10

I have a dataframe in which I want to use certain values as hash keys / dictionary keys (or whatever you call it in your language of choice) for other values in that dataframe. Say I have a dataframe like this which I've read in from a large csv file (only first row shown):

  Plate.name QN.number Well Allele.X.Rn Allele.Y.Rn Call
1 Plate 1_A1    QN2200   A     1.766       2.791    Both 

which in R code would be:

 structure(list(Plate.name = structure(1L, .Label = "Plate 1_A1", class = "factor"), 
    QN.number = structure(1L, .Label = "QN2200", class = "factor"), 
    Well = structure(1L, .Label = "A1", class = "factor"), Allele.X.Rn = 1.766, 
    Allele.Y.Rn = 2.791, Call = structure(1L, .Label = "Both", class = "factor")), .Names = c("Plate.name", 
"QN.number", "Well", "Allele.X.Rn", "Allele.Y.Rn", "Call"), class = "data.frame", row.names = c(NA, 
-1L))

THe QN.numbers are unique IDs in my dataset. How do I then retrieve data using the QN.number as a reference for the other values, that is to say I want to know the Call or the Allele.X.Rn for a given QN.number? It seems row.names might do the trick but then how would I use them in this instance?

arandomlypickedname
  • 1,349
  • 1
  • 11
  • 12
  • +1 for a reproducible example and well-asked question. – Ari B. Friedman Jul 25 '11 at 10:12
  • Row names in a data frame must me unique (as in a hash or dictionary), so you might want to do that check before you use QN.number in row.names(). Something like `sum(tapply(d$a,d$a,length)>1)` will tell you how many duplicates are in column a of data frame d. –  Jul 25 '11 at 16:40
  • Ah yes thanks Seth, I should have mentioned that the QN.number is a unique ID. I'll edit the question – arandomlypickedname Aug 02 '11 at 04:15

3 Answers3

5

Using row.names is like this:

> row.names(d)=d$QN.number
> d["QN2200",]
       Plate.name QN.number Well Allele.X.Rn Allele.Y.Rn Call
QN2200 Plate 1_A1    QN2200   A1       1.766       2.791 Both
> d["QN2201",]
   Plate.name QN.number Well Allele.X.Rn Allele.Y.Rn Call
NA       <NA>      <NA> <NA>          NA          NA <NA>

You just use the row name as the first parameter in the subsetting. You can also use multiple row names:

> d=data.frame(a=letters[1:10],b=runif(10))
> row.names(d)=d$a
> d[c("a","g","d"),]
  a         b
a a 0.6434431
g g 0.6724661
d d 0.9826392

Now I'm not sure how clever this is, and whether it does sequential search for each row name or faster indexing...

Spacedman
  • 92,590
  • 12
  • 140
  • 224
  • This method may give unexpected results due to row.names partial matching. More info here => https://stackoverflow.com/questions/34233235/r-returning-partial-matching-of-row-names – 3r1d May 17 '23 at 18:03
4

Use subset.

 subset(your_data, QN.number == "QN2200", Allele.X.Rn)

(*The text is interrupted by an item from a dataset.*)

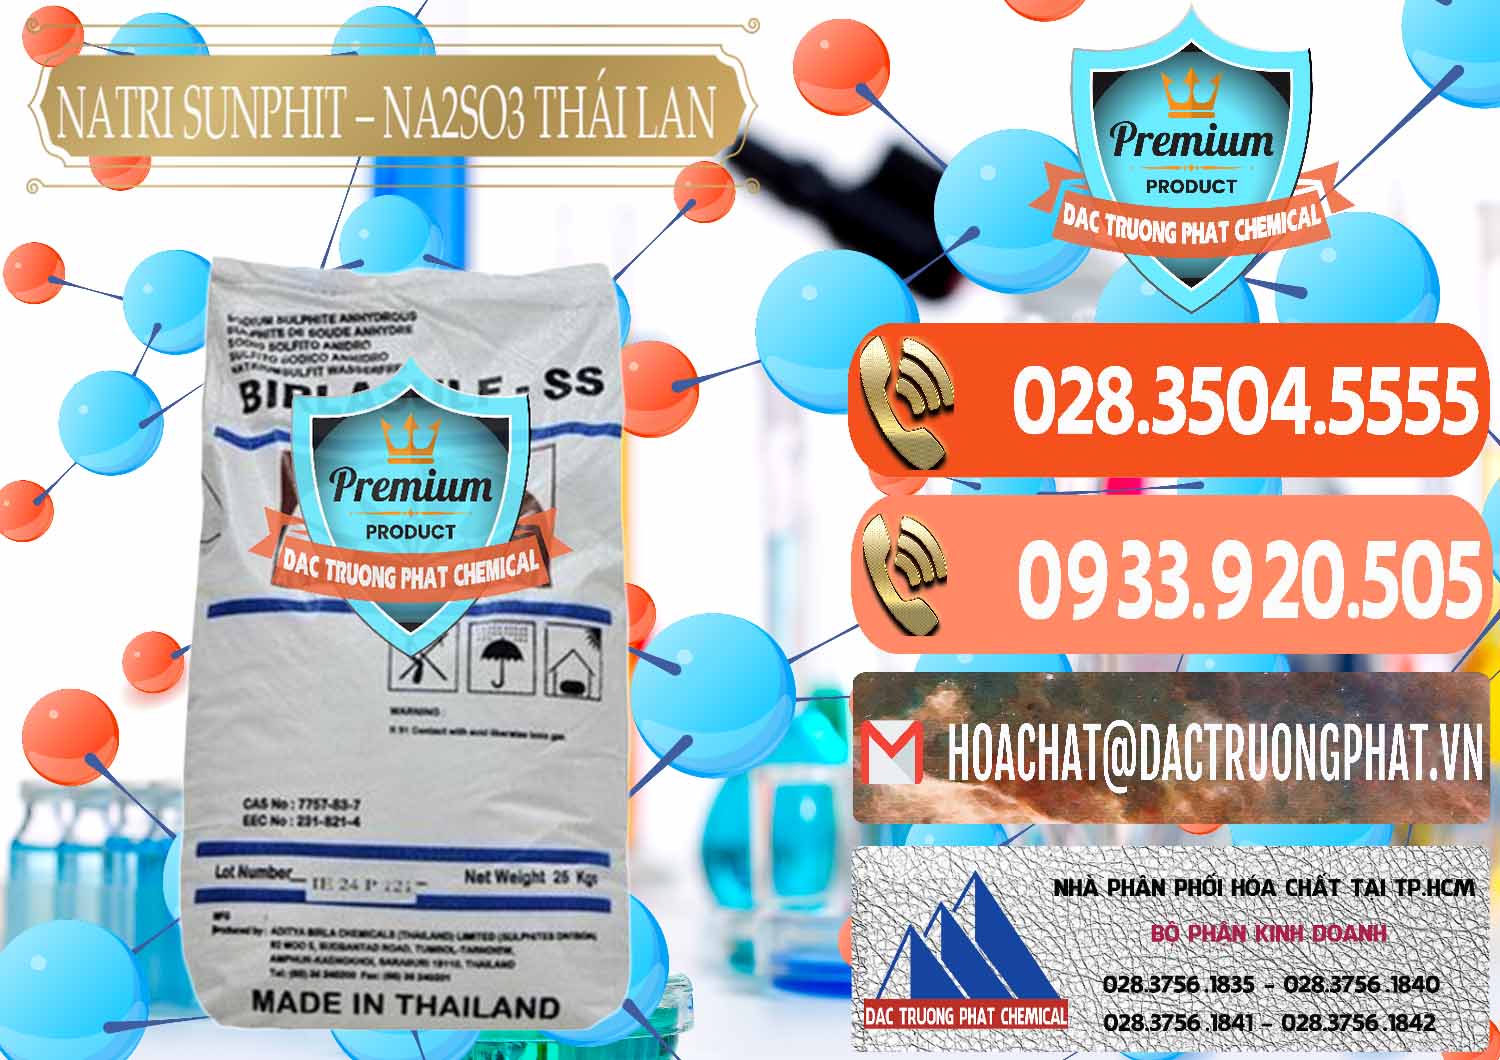 Đơn vị kinh doanh và bán Natri Sunphit - NA2SO3 Thái Lan - 0105 - Chuyên kinh doanh ( cung cấp ) hóa chất tại TP.HCM - hoachatmientay.com

with provides an alternative; here the output is a vector rather than another data frame.

with(your_data, Allele.X.Rn[QN.number == "QN2200"])
Richie Cotton
  • 118,240
  • 47
  • 247
  • 360
  • I can get subset to work on the limited test dataset I've provided but I can't get it for the life of me to work on the real data set: the dreaded "undefined columns selected" error – arandomlypickedname Aug 02 '11 at 08:55
1

Assuming that we're storing our data frame in a variable name--I'll call it dataframe for now--the following should do it:

dataframe$Allele.X.Rn[which(dataframe$Qn.number == <whatever>)]

Where, of course <whatever> is the number that you'd like to use for Qn.number.